Claudia Guerrero y Mayolo López
Agencia Reforma

CIUDAD DE MÉXICO 12-Jul .- Al asumir la dirigencia nacional del PRI, Enrique Ochoa anunció que su partido pedirá la destitución de los gobiernos corruptos emanados del tricolor.
En medio de las acusaciones contra tres gobernadores priistas en funciones, el nuevo líder reconoció que no hay manera de ocultar que la corrupción y la impunidad son algunos de los señalamientos que se atribuyen al tricolor.
“Es inaceptable tapar el sol con un dedo: debemos reaccionar. Tenemos que ser un partido que señale la corrupción de los Gobiernos emanados de nuestras filas, que exija su fiscalización e incluso su destitución”, dijo frente al Consejo Político Nacional que lo eligió como su dirigente hasta agosto del 2019.

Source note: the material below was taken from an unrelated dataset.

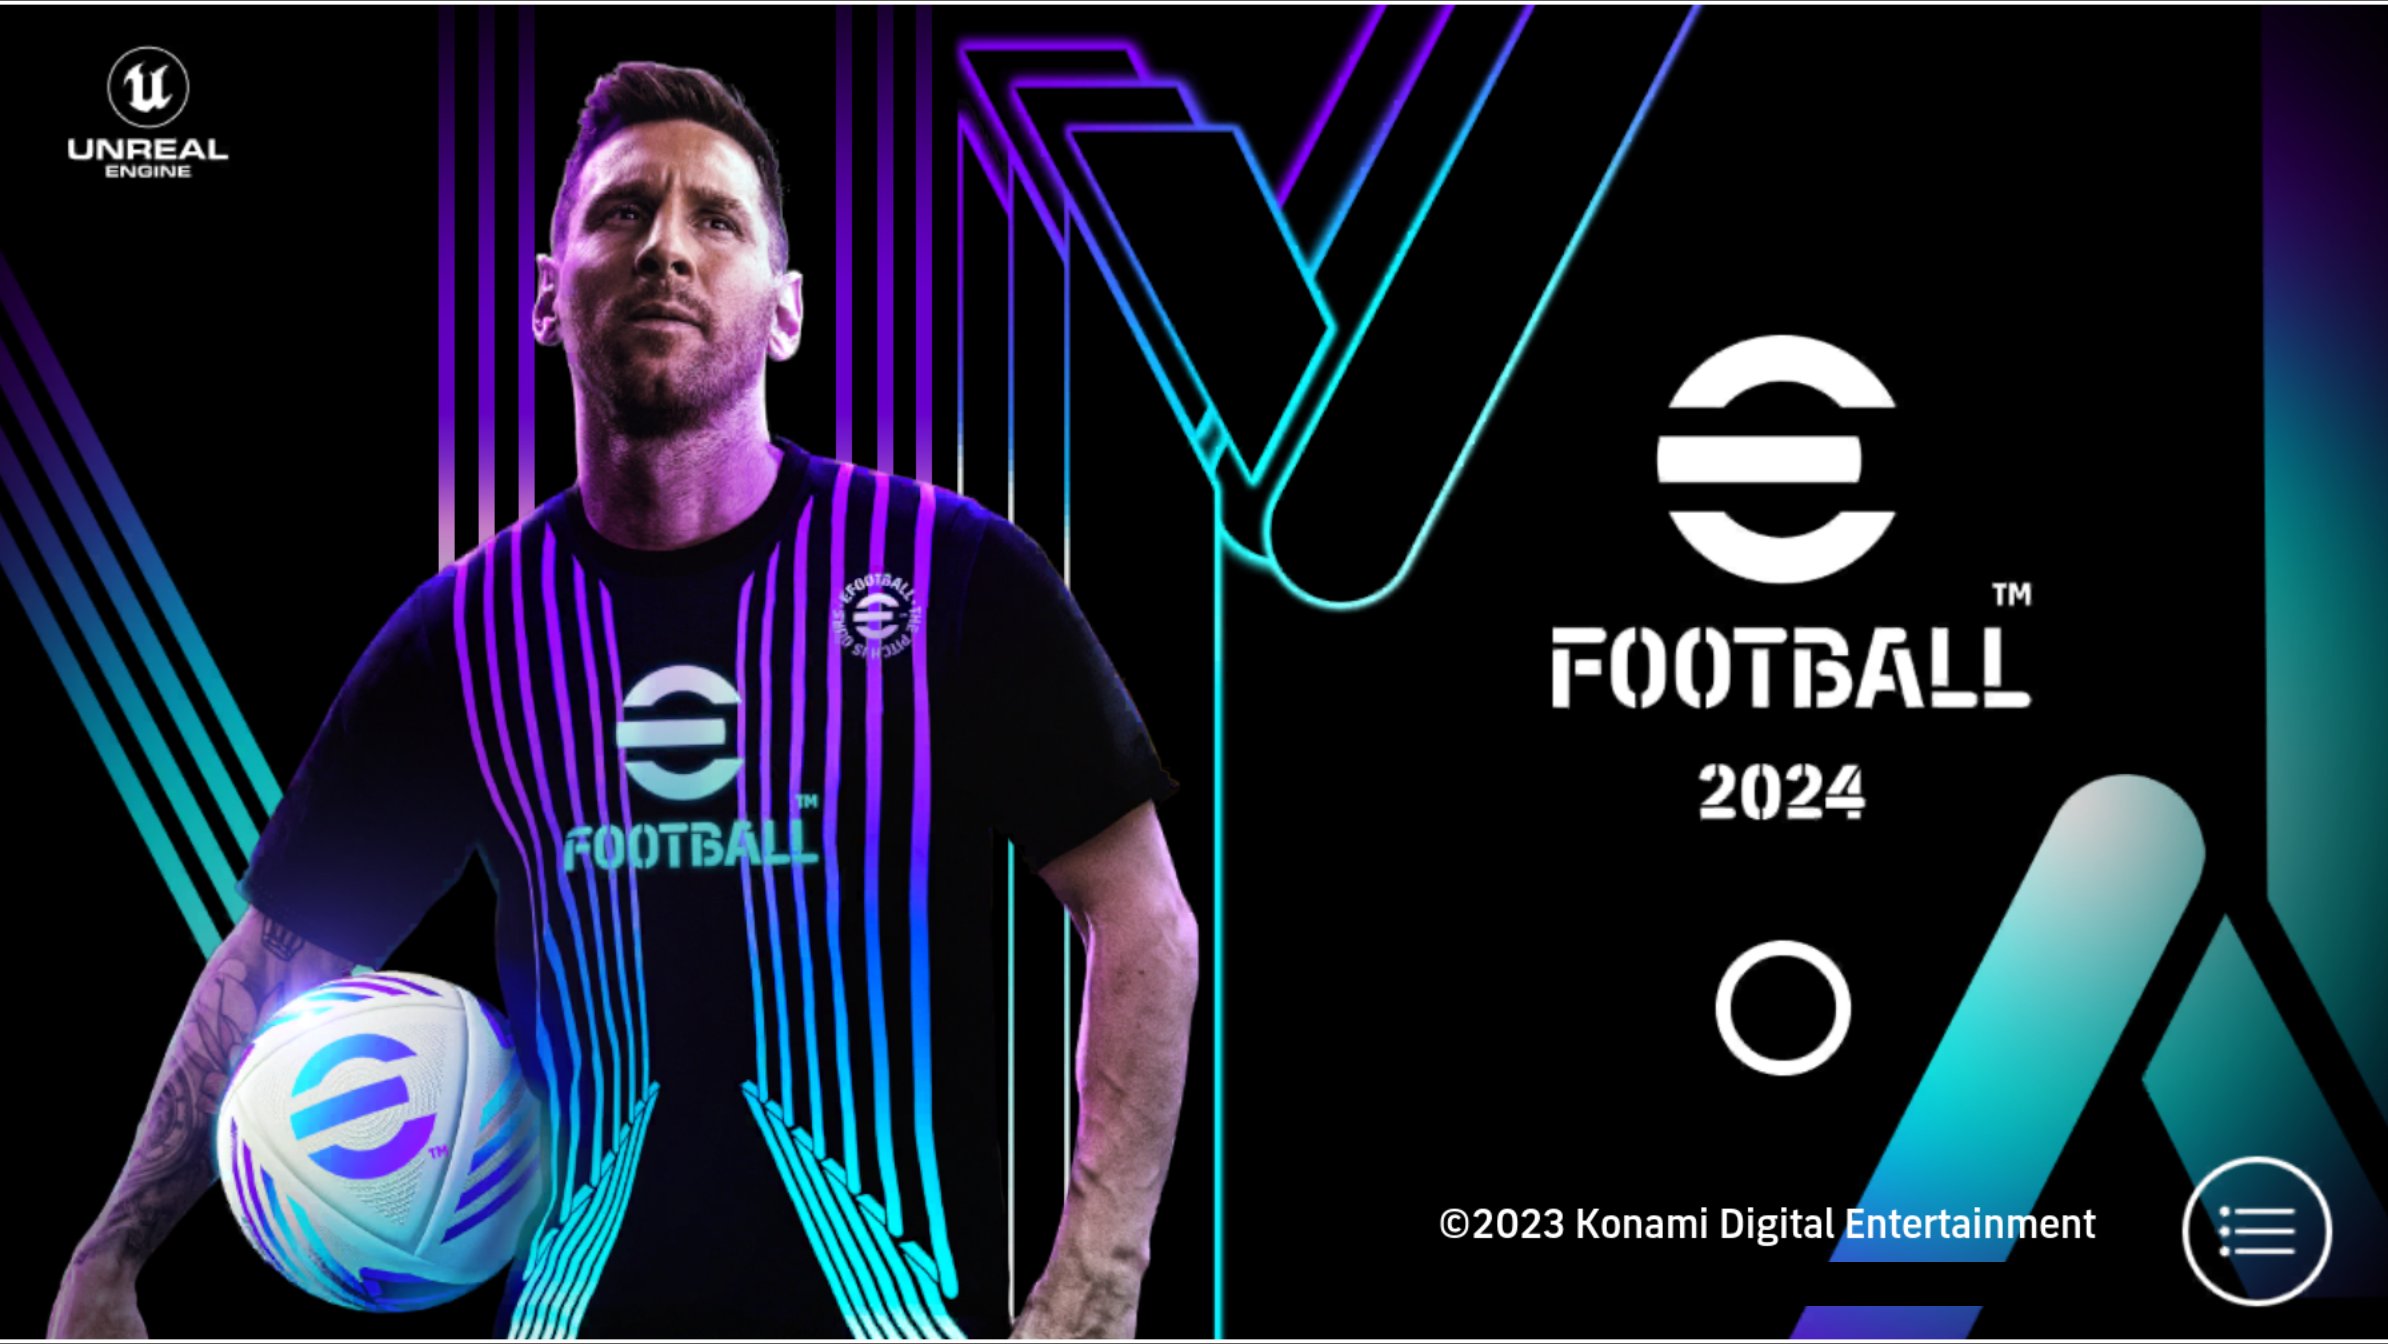 eFootball release date, cross-play, licenses, and more
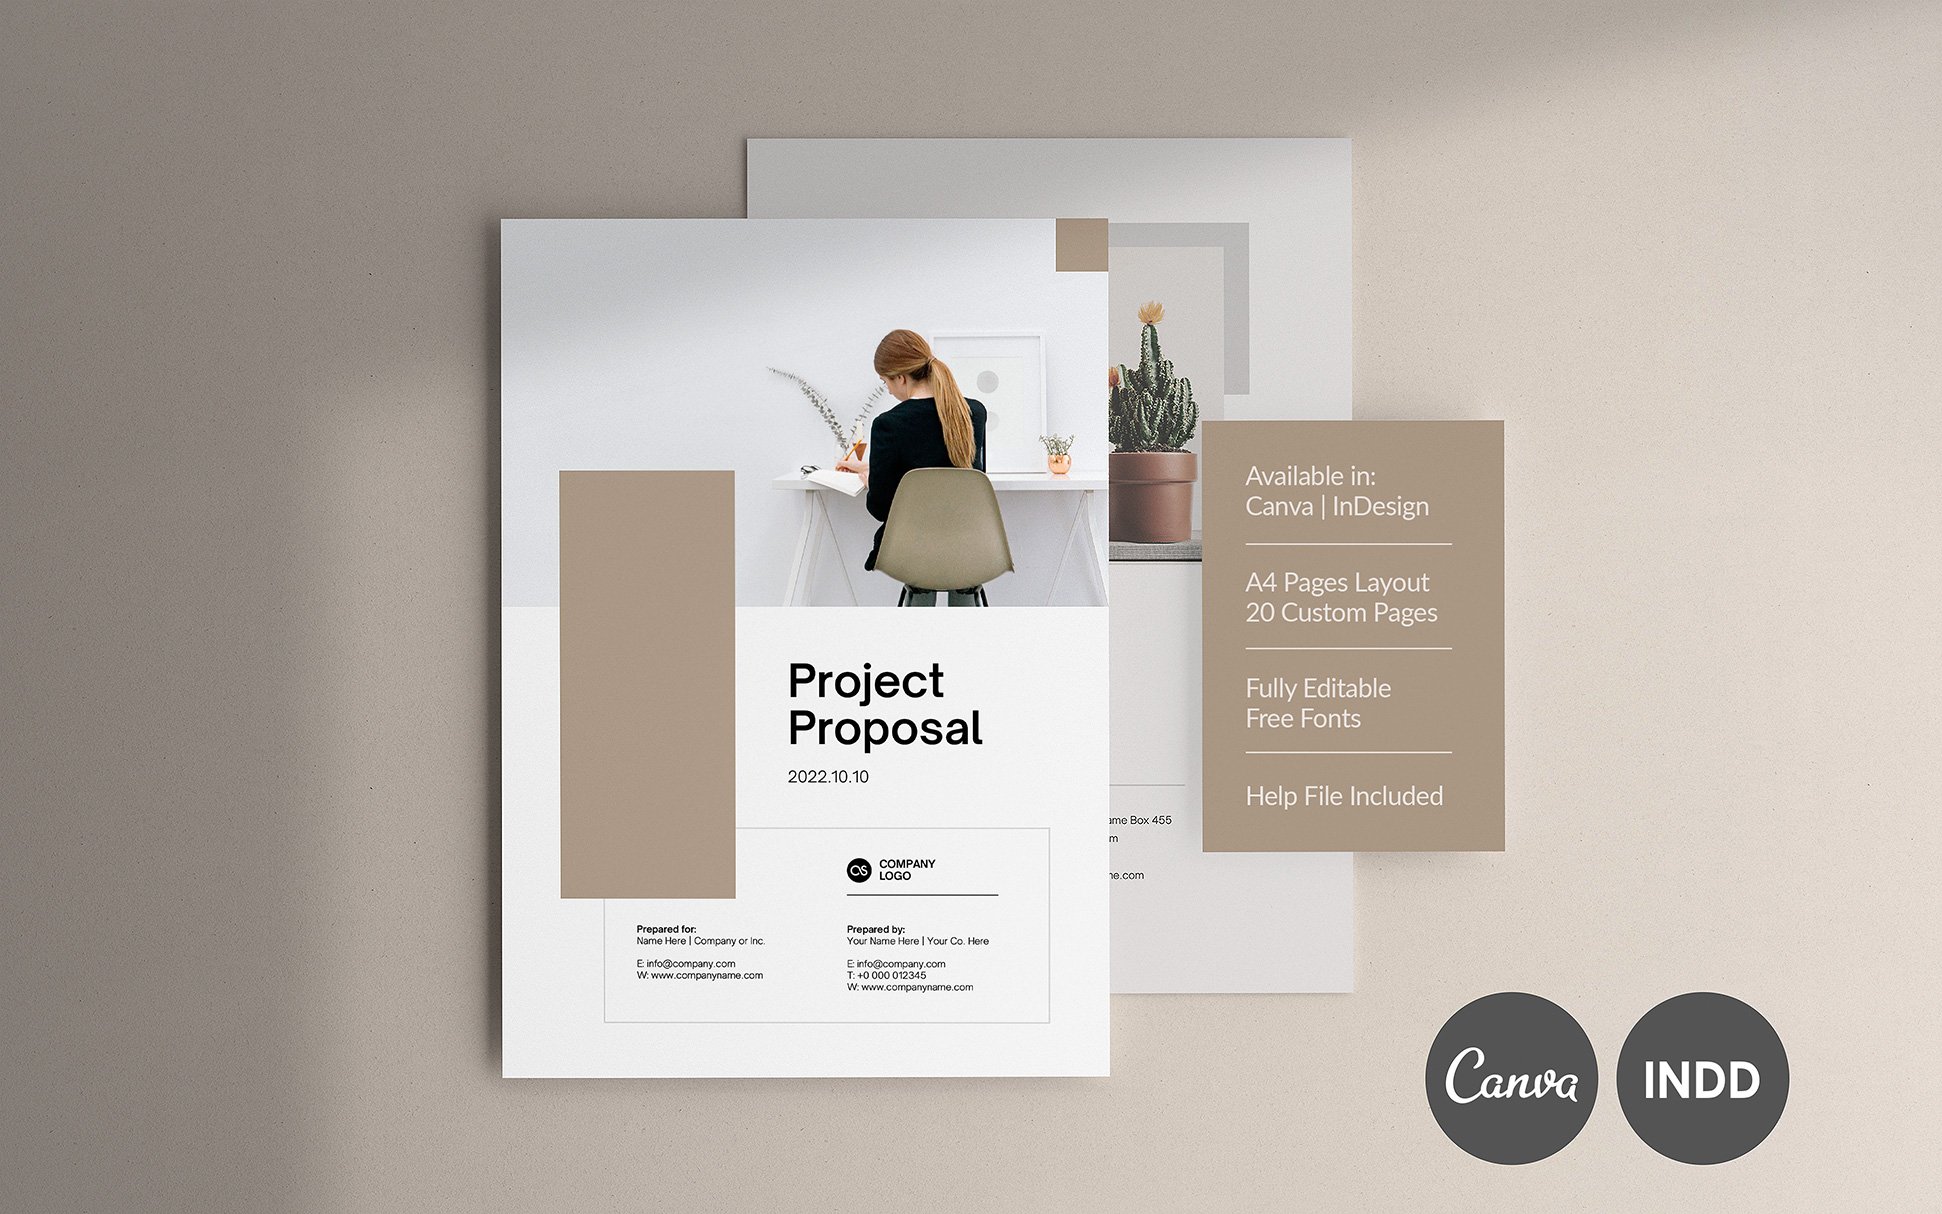 Project Proposal - Canva cover image.

Sin la presencia de los mandatarios de Veracruz, Javier Duarte y de Quintana Roo, Roberto Borge, el ex director de CFE sostuvo que cuando un priista se corrompe, no sólo lastima a su partido, sino también a sus militantes y simpatizantes.
“Con la misma firmeza con la que debemos limpiar la casa y contribuir a crear un nuevo Sistema Nacional Anticorrupción, seremos exigentes para señalar y promover el castigo de los actos de corrupción de los otros partidos políticos.
“Sea ese el caso de sus gobernadores en funciones, de los ex gobernadores, candidatos electos o candidatos en competencia. Vigilaremos a los otros partidos por igual”, adelantó.
A pesar de las resistencias del PRI en el Congreso, Ochoa anunció que esta semana presentará su declaración 3de3 para hacer público su patrimonio, intereses y pago de impuestos.